Stadt Willich Häftlinge helfen Flüchtlingen in Syrien

Stadt Willich · Inhaftierte des Männergefängnisses in Anrath haben die Nachrichten über das Flüchtlingselend in Syrien und im Irak zum Anlass genommen, Geld für Hilfsaktionen zu sammeln. Action Medeor wird dorthin Hilfspakete schicken.

 Freuen sich über das Engagement der Gefangenen in der JVA Anrath (von links): Heike Wehlings, Ulrike Böhm, Beate Peters, Lutz Aupperle (evangelischer Pfarrer), Thomas Leesker in der Gefängniskapelle.

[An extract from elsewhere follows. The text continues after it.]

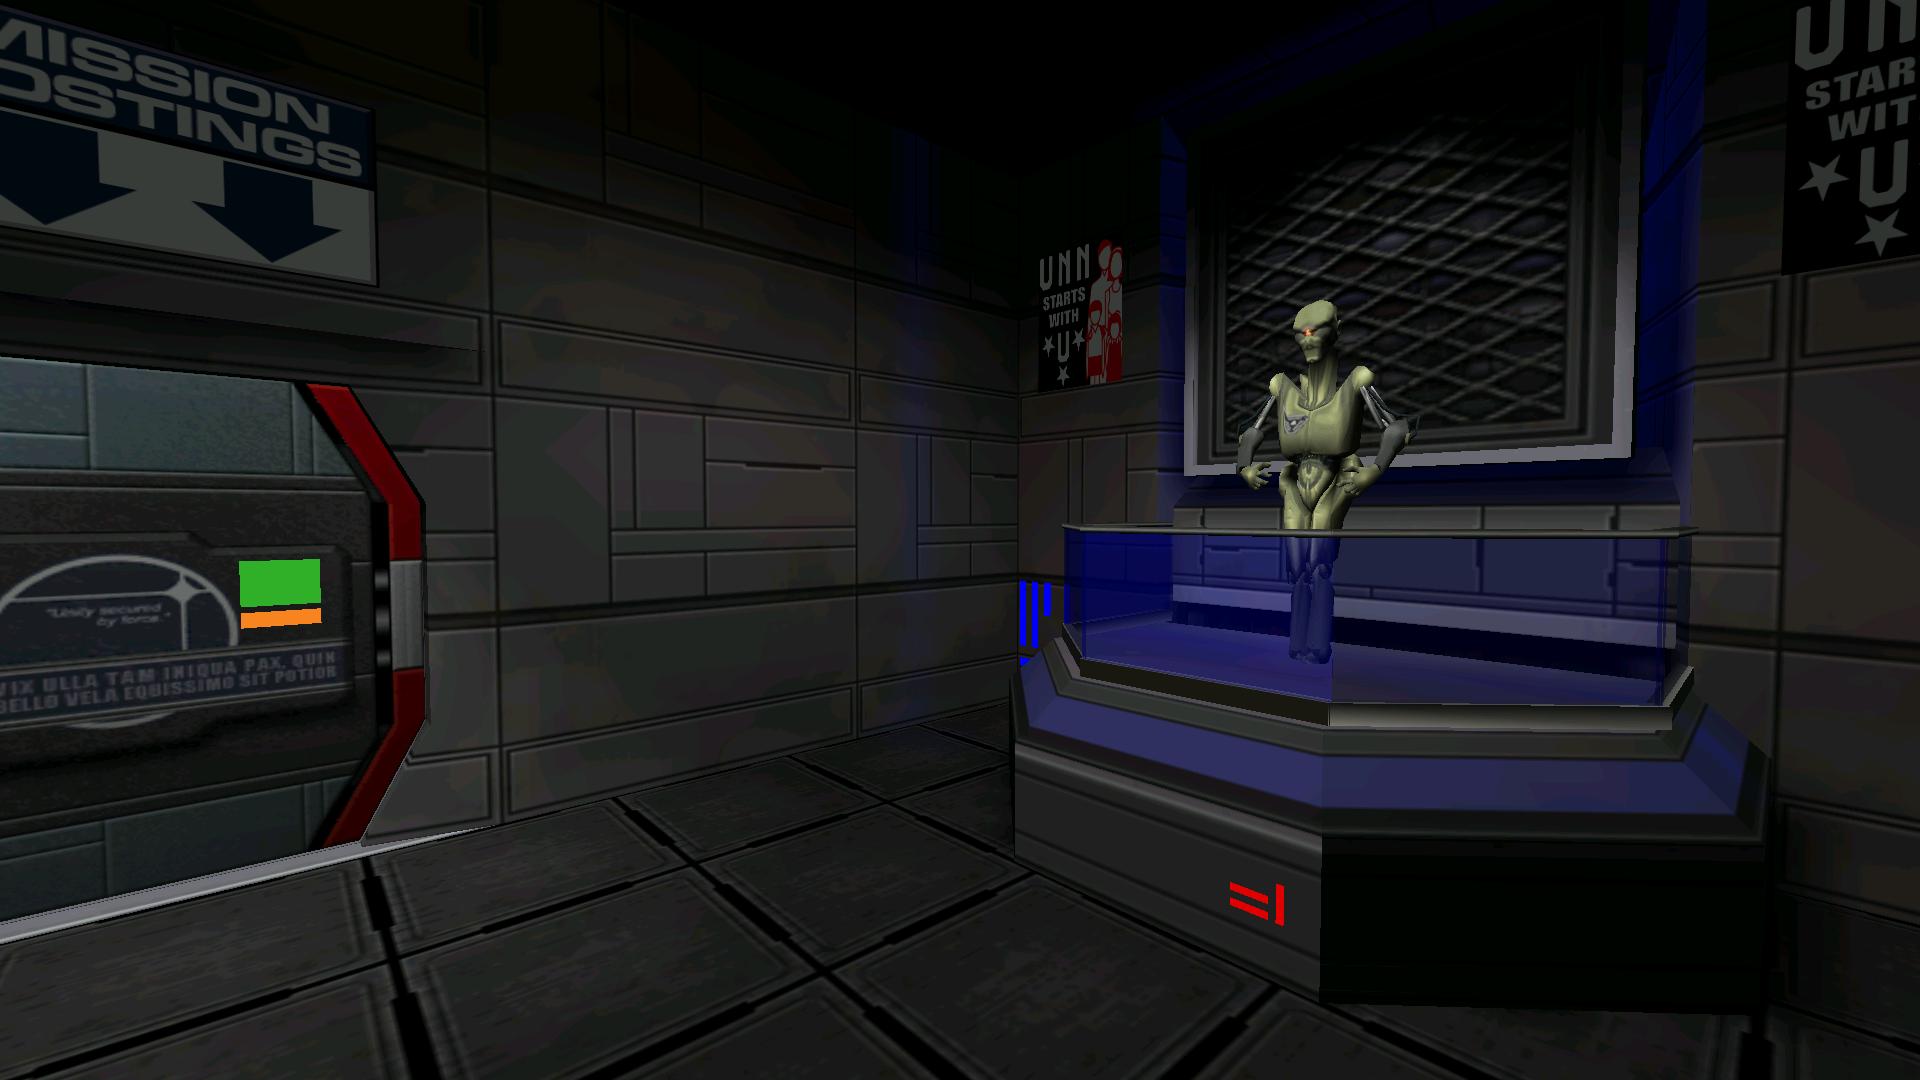 System Shock: Dilogy (1994-1999/PC/RePack от R.G. Catalyst)

Freuen sich über das Engagement der Gefangenen in der JVA Anrath (von links): Heike Wehlings, Ulrike Böhm, Beate Peters, Lutz Aupperle (evangelischer Pfarrer), Thomas Leesker in der Gefängniskapelle.

Foto: WOLFGANG KAISER

"Wir sind ja selbst schuld, aber die Flüchtlinge können doch nichts dafür", sagt in der Kapelle des Männergefängnisses Reinhold K. Der 46-Jährige sitzt seit etwa einem Jahr dort ein und rechnet 2017 mit seiner Entlassung. Den Grund seiner Inhaftierung will Reinhold K., der zum Küster der Kapelle geworden ist, nicht nennen. Stattdessen erzählt er von einer bemerkenswerten Initiative. Nachdem Gefangene von den Flüchtlingsströmen ins Syrien gehört hatten, informierten sie sich weiter darüber und fassten wenig später den Entschluss, etwas für die Flüchtlinge zu tun. Es ging der Spendentopf rum und es kamen exakt 1200 Euro zusammen.

Wenn man weiß, dass viele Inhaftierte für ihren persönlichen Bedarf über ein monatliches Taschengeld von nur 30 Euro verfügen, ist dieses Engagement gar nicht hoch genug einzuschätzen. Darin waren sich auch Justizvollzugsbedienstete einig. "Etwa 80 Gefangenen haben mitgemacht und gespendet", fasst der evangelische Gefängnisseelsorger Lutz Aupperle zusammen. Er erinnert daran, dass es im Männerhaus unter anderem Arbeitskreise gibt, die regelmäßig zusammen kommen und über Gott und die Welt sprechen.

Man wollte helfen, wusste aber zunächst nicht wie und wem. Aus Reihen der Gefangenen wurde dann das Vorster Medikamentenhilfswerk "action medeor" genannt. Der dort für die Bildungsarbeit zuständige Norbert Vloet wurden dann vom Arbeitskreis eingeladen, nannte unter anderem Einsatzmöglichkeiten der Hilfe. Auch ein anderer Arbeitskreis, den dort der katholische Geistliche Ralph Kreutzer leitet, griff die Idee auf.

Die 1200 Euro sollen bald an ein Flüchtlingslager im Nordirak gehen, dorthin werden dann von "Action Medeor" Decken, Medikamente und andere medizinische Hilfsgüter gebracht. "Eine solche Hilfsbereitschaft von Gefangenen habe ich noch nicht erlebt, dies ist bewunderns- und bemerkenswert", sagt Norbert Vloet bei seinem Besuch im Männergefängnis. Er brachte eine große Spenden-Urkunde und ein Dankesschreiben mit. "Diese werden wir jetzt vervielfältigen und überall aufhängen, damit die Gefangenen auch sehen, was aus ihren Euros geworden ist", meint Lutz Aupperle.

Norbert Vloet hat aber auch noch eine zweite Urkunde dabei. Denn neben den 1200 Euro sind beim dritten stark angenommen Weihnachtsmarkt der männlichen und weiblichen Inhaftierten weitere 2500 Euro zusammen gekommen. Und die gehen ebenfalls an das Medikamenten-Hilfswerk. "Dafür kaufen wir Medikamente für ein Waisenhaus in Cyangugu, das wir seit etwa 14 Jahren unterstützen", erklärt Norbert Vloet. Er dankt im Beisein der beiden Anstaltsleiterinnen Birgit Peters (Männerhaus) und Ulrike Böhm (Frauenhaus) allen Beteiligten dieses Weihnachtsmarktes, der 2012 mit einem Erlös von rund 800 Euro an die Lebenshilfe begonnen hatte.

Für die Gefangenen beginnt naturgemäß über die Weihnachtstage eine besonders schlimme Zeit. Gottesdienste, großzügigere Umschlusszeiten oder viele Gespräche sollen ihnen im Gefängnis die Zeit ohne ihre Familien erleichtern.